| Attorney here. The search incident to lawful arrest doctrine is rooted in officer safety. Specifically, the Court says officers should have the ability to look for guns and contraband when someone is pulled over and it's likely they are armed or their immediate person or vicinity poses a threat and/or has evidence of a crime. The courts have decided that any drug suspicion means they are likely to have a weapon, which is unfortunate, but at least based in some reality. To my knowledge, the only court (and courts are split) that has allowed electronics to be searched is when a drug dealer was pulled over in California and incident to lawful arrest, the officer downloaded the call history to help them find others involved in the drug trade. There is NO COURT to my knowledge that would authorize warrantless search or confiscation of someone's cell data, computer data, jump drives, etc. without an arrest taking place. That is a fishing expedition and it's exactly what the Court has ruled unconstitutional under the 4th amendment. This is where I get very frustrated with the NSAs ability to collect the call information in the first place. The only reason to collect it is to fish later—that's not how the law is supposed to work. These are complex problems that very few judges or lawmakers have enough understanding of technologically to make informed judgement, IMHO, however. EDIT - My best guess is that the Court will allow basic access to a cell phone taken in a lawful arrest. I.E., like the article linked above, an officer would be able to look at the call history, but not necessarily download the content of the phone. I think the offender's brief will likely ARGUE that the phone not be accessed at all, with the true hope being the Court merely limits what officers can do. I have a hard time believing they won't let officers look at any of the electronics with them. I also hope they don't just let officers download everything carte blanche. |
The case we're talking about was search after arrest.
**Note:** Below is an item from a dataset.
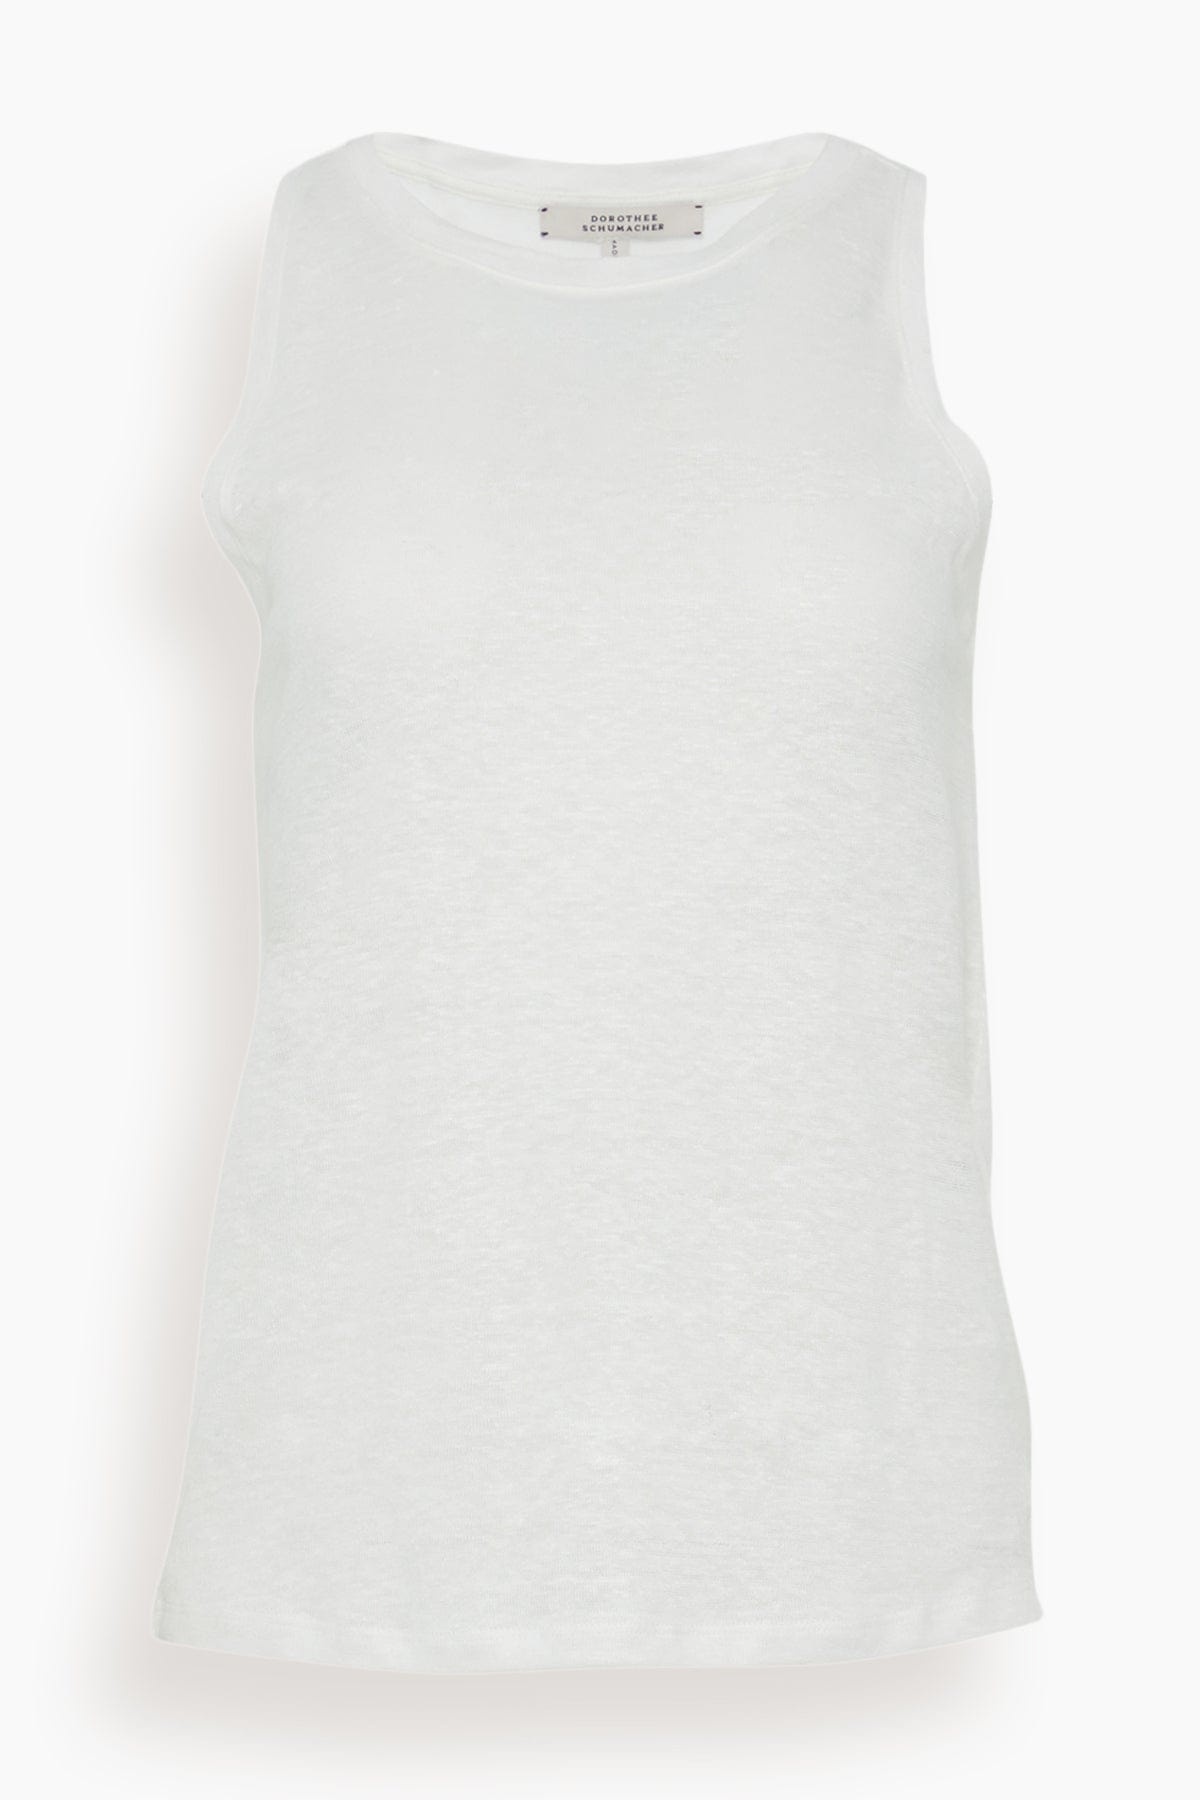 Natural Ease Sleeveless Top in Shaded White - 1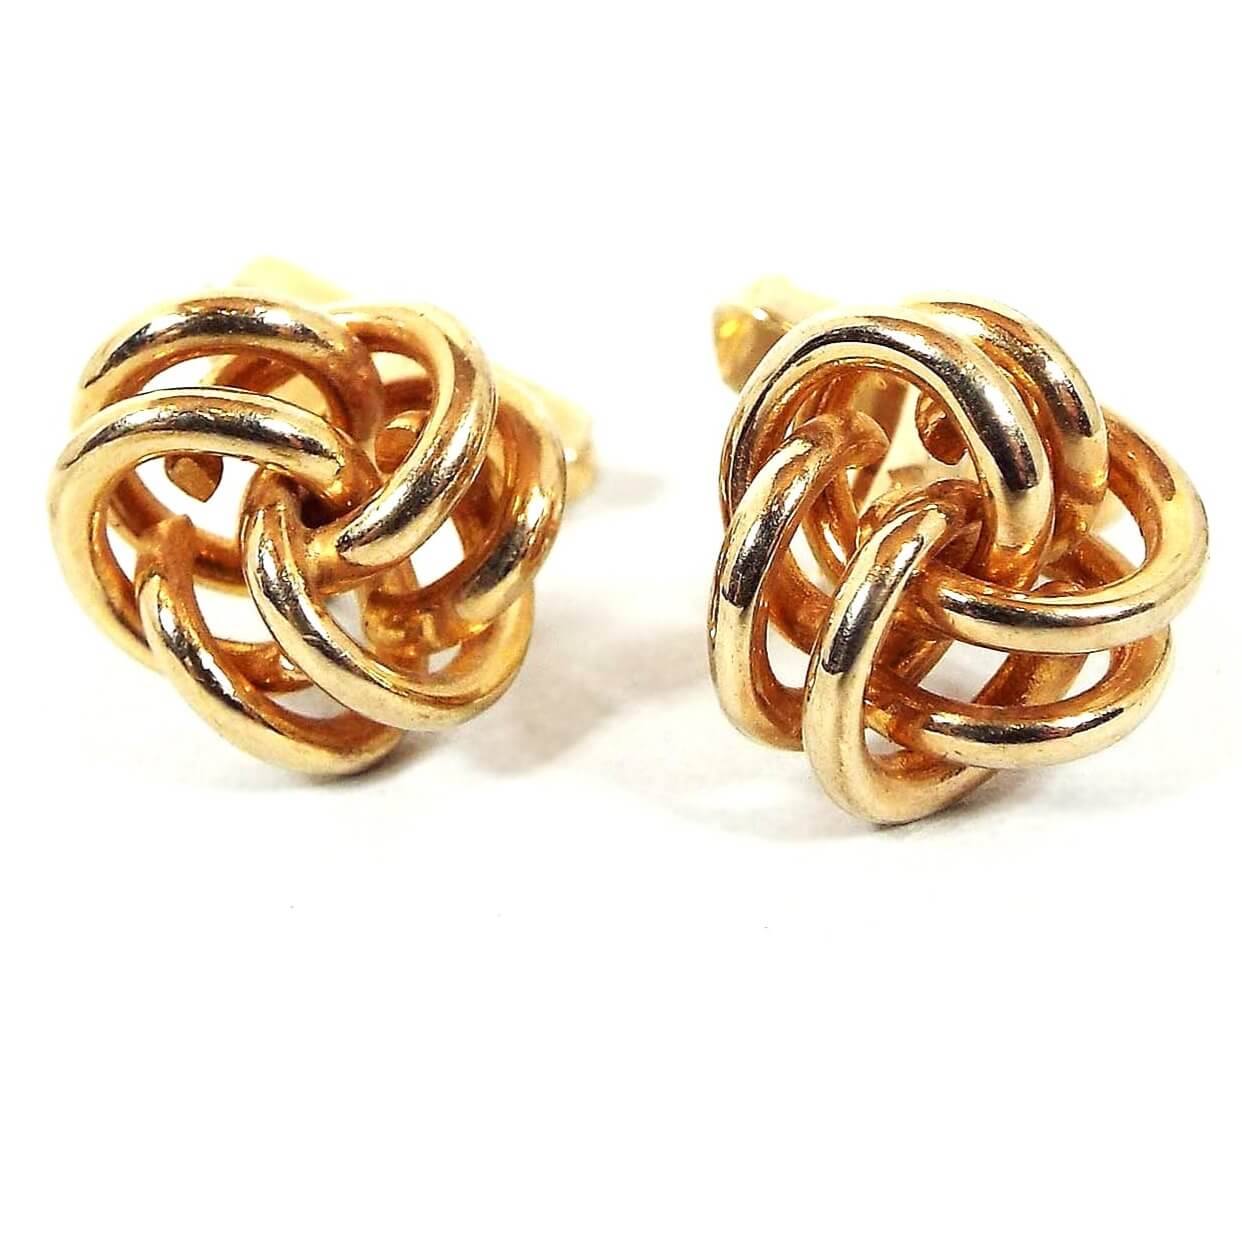 Front view of the retro vintage Swank knot cufflinks. The metal is gold tone in color. They are shaped like open double wires twisted into a knot shape.

If immunity [to a warrantless search] is to be conceived of as a rule, there is one exception that has been established as firmly as the rule itself. The government may search the person of the accused when legally arrested to discover and seize the fruit or evidences of crime.
also (cited in Harris v US):
The right without a search warrant contemporaneously to search persons lawfully arrested while committing crime and to search the place where the arrest is made in order to find and seize things connected with the crime as its fruits or as the means by which it was committed, as well as weapons and other things of effect an escape from custody is not to be doubted.
Officer safety is one of three motivations for search incident to arrest I've read about; two more are evidence collection (as above), and mitigating the risk that evidence that could later be collected via warrant might be destroyed.
Terry stops, on the other hand, are motivated solely by officer safety.